Delila Program: cluster

cluster program

Documentation for the cluster program is below, with links to related programs in the "see also" section.

{version = 5.06; (* of cluster.p 1992 September 18}

(* begin module describe.cluster *)
   cluster: cluster indana subindexes into groups of duplicate entries

   cluster(clusterp: in, subind: in, inst: in, book: in,
           pairs: out, clumps: out, output: out)

   clusterp: The cluster parameter file that consists of the following:
             FIRST LINE  'y' turns the flag on, 'n' turns it off
                  (debugging) allows one to look at raw data in the bags.
             The debugging flag controls the printing of the raw data above the
             regular output of the cluster program, which is created solely by
             procedure showRAWbag.  This can then be compared with the data in
             the chart for correctness.  Raw data consists of the series of
             coordinate pairs in the bag and the sides they are matched on.
             printed above the standard output structure.

             example: -  (  630,   69)   R
                      L  (  649,   88)   -  {20}  {20}
                                          |   630       663
                      HUMUK               |     ----------
                                          |         34
                      HUMUPA              |     ----------
                                          |    69       102

             It is important to note that the raw data will only appear in the
             pairs output file, and will not be written in clumps at all.  This
             means that parameter 3, writepairs, must also be turned on for
             this flag to be effective.

             SECOND LINE 'y' turns the flag on, 'n' turns it off
                  (showfragments) allows one to see pairs that are fragmented.
             The showfragments toggle controls printing the outputs of pairs
             with "imperfect" matches.  That is, in some cases a repeating
             sequence will match in several frames, causing repeated sequence
             matching and producing a large list of coordinate pairs.  This
             list can be shown if the parameter is turned on, but the statement
             "WARNING:  sequence pairs are overmatched" will appear if it is
             turned off.  The actual sequences will be shown in either case,
             so the comparison can always be done by hand by the user.  The
             output is excessively long, but the sequences will be shown, so
             the comparison can be done by the user.

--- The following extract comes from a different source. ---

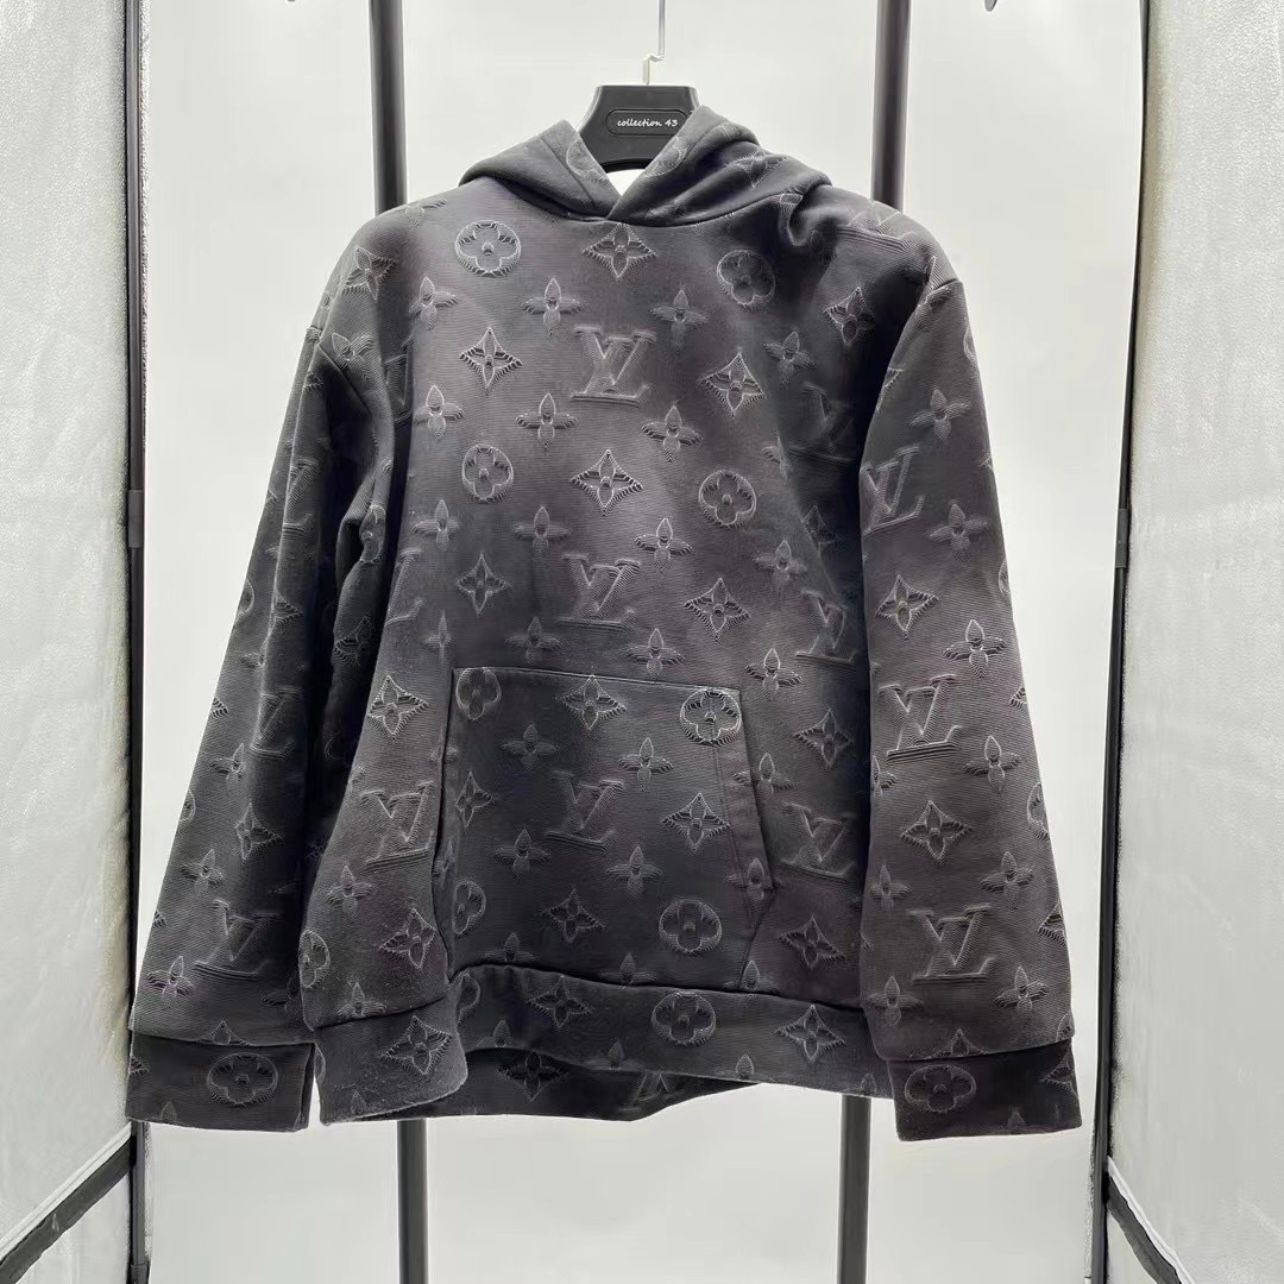 Louis Vuitton 2021 2054 Hoodie - Black Sweatshirts & Hoodies

             example:    1     acggatcgtgtgtgtgtgtgtgtgtacgatcggatcgat
                         2     acggatcgtgtgtgtgtgtgtgtgtacgatcggatcgat

             These sequences will have matches between all of the 'gt' base
             pairs, resulting in an overwhelming number of matches.  The
             maximum number of possible matches is found by taking the length
             of the sequences and dividing it by the value in the overmatched
             parameter (FIFTH LINE) times the number of instructions that
             match between any two pieces in the dbinst.  This results in
             a maximum number of matches between any two pieces.  Any pieces
             above this limit will can have their output completely shown or
             can generate a warning message (see showfragments, SECOND LINE).
      In addition to preventing the example case, showfragments will
      also prevent the display of any other case that may cause an
      excessive number of matches.

             THIRD LINE 'y' turns the flag on, 'n' turns it off
                  (writepairs) controls the printing of the pairs output file.
             If writepairs is on, the original clustering pairlist will be
             printed into the output file pairs.  If it is off, this file will
             not be printed.  This parameter must be turned on to effectively
             use the debugging parameter (see FIRST LINE).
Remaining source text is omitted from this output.